Signed networks with Laplacian feedback: Observability and minimal sensor problem

Abstract

In many multi-agent networks that evolve according to specific dynamical rules, our direct access is often limited to only a small subset of agents, known as “sensors.” The remaining agents in the network, whose states are entirely inaccessible, are referred to as “actuators.” If it is possible to retrieve the complete states of the actuators from the knowledge of the sensor states, the network is said to be “sensor–actuator observable”; otherwise, it is deemed unobservable. This research explores the analysis of sensor–actuator observability property (i.e., observable or unobservable) in networks where agent communications encompass both cooperation and competition (i.e., signed networks). It is assumed that the network agents continuously update their states within R under the Laplacian protocol. We simplify the Kalman’s and the PBH rank criteria for evaluating sensor–actuator observability property into several verifiable algebraic tests, emphasizing the significance of the system matrices’ spectral properties. This property is also examined from the perspective of the network graph topology.
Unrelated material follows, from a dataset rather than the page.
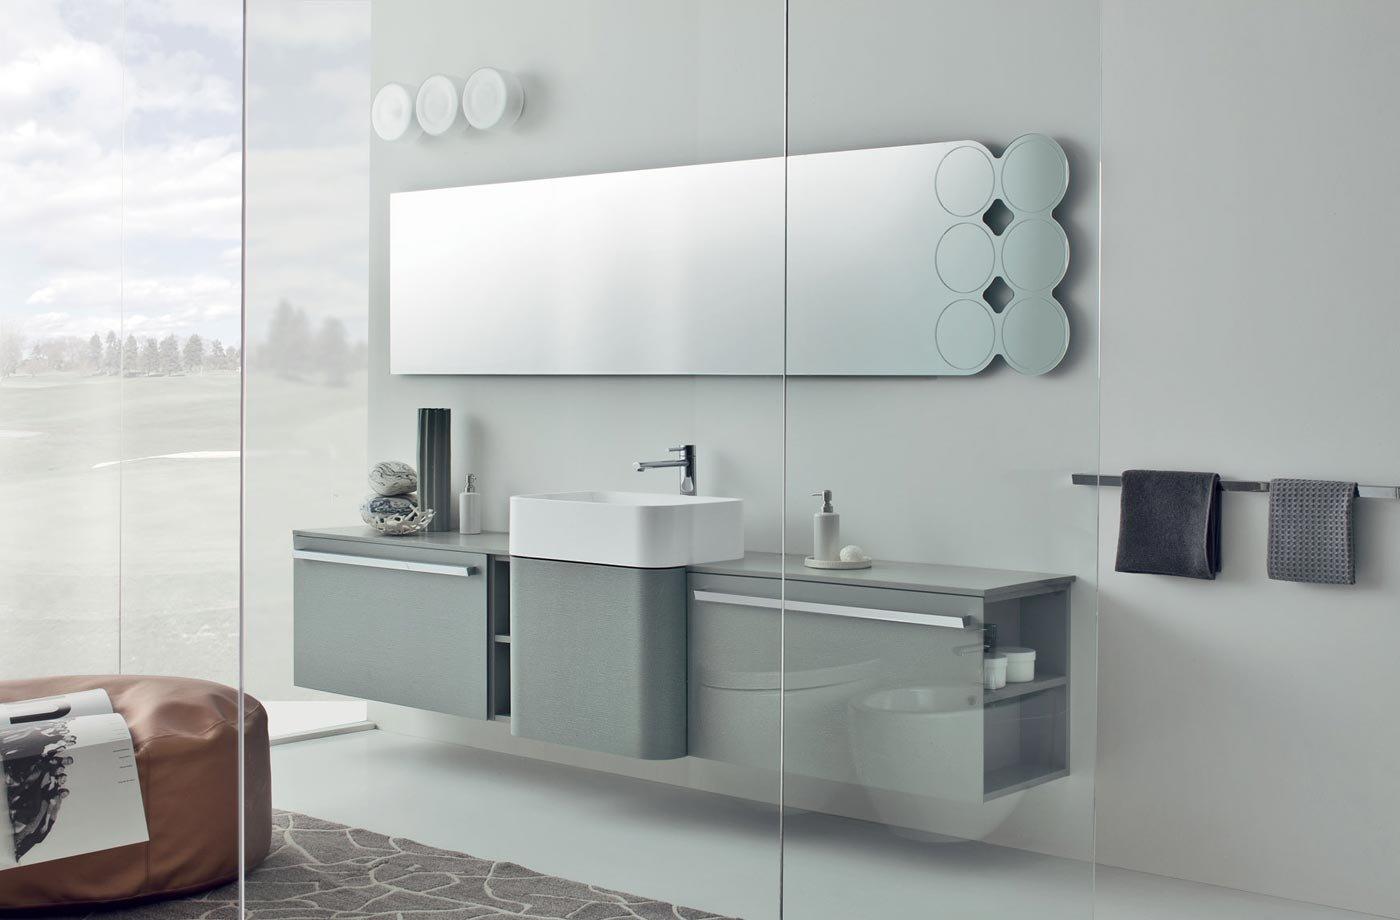 Lavabos de dise o moderno de la firma altamarea for Muebles de lavabo modernos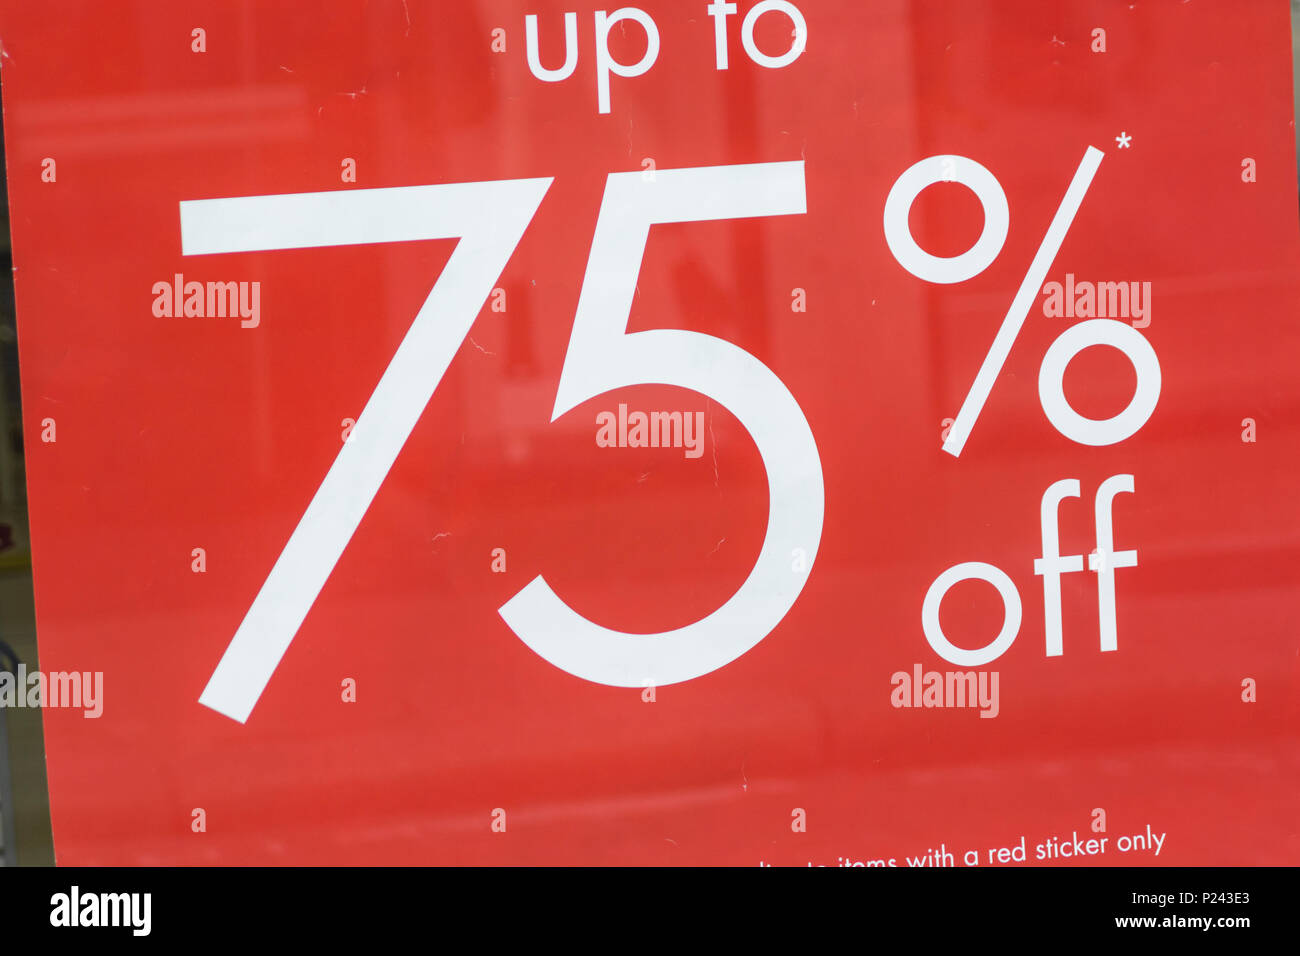 Summer sales sign in Truro (Cornwall) shop window. Metaphor high street squeeze, retail squeeze. Stock Photo

Sensor–actuator observability property is significantly influenced by the nature of agent communications and often differs between signed and unsigned networks. However, we demonstrate that for a structurally balanced signed network, with specific set of sensors, its sensor–actuator observability property aligns with that of its unsigned variant. We present a formula utilizing Laplacian spectral information to determine the minimum number of sensors for an ensured sensor–actuator observable network. Applying the formula to path and cycle networks, it is found that paths are observable with one sensor, and cycles require two for observability.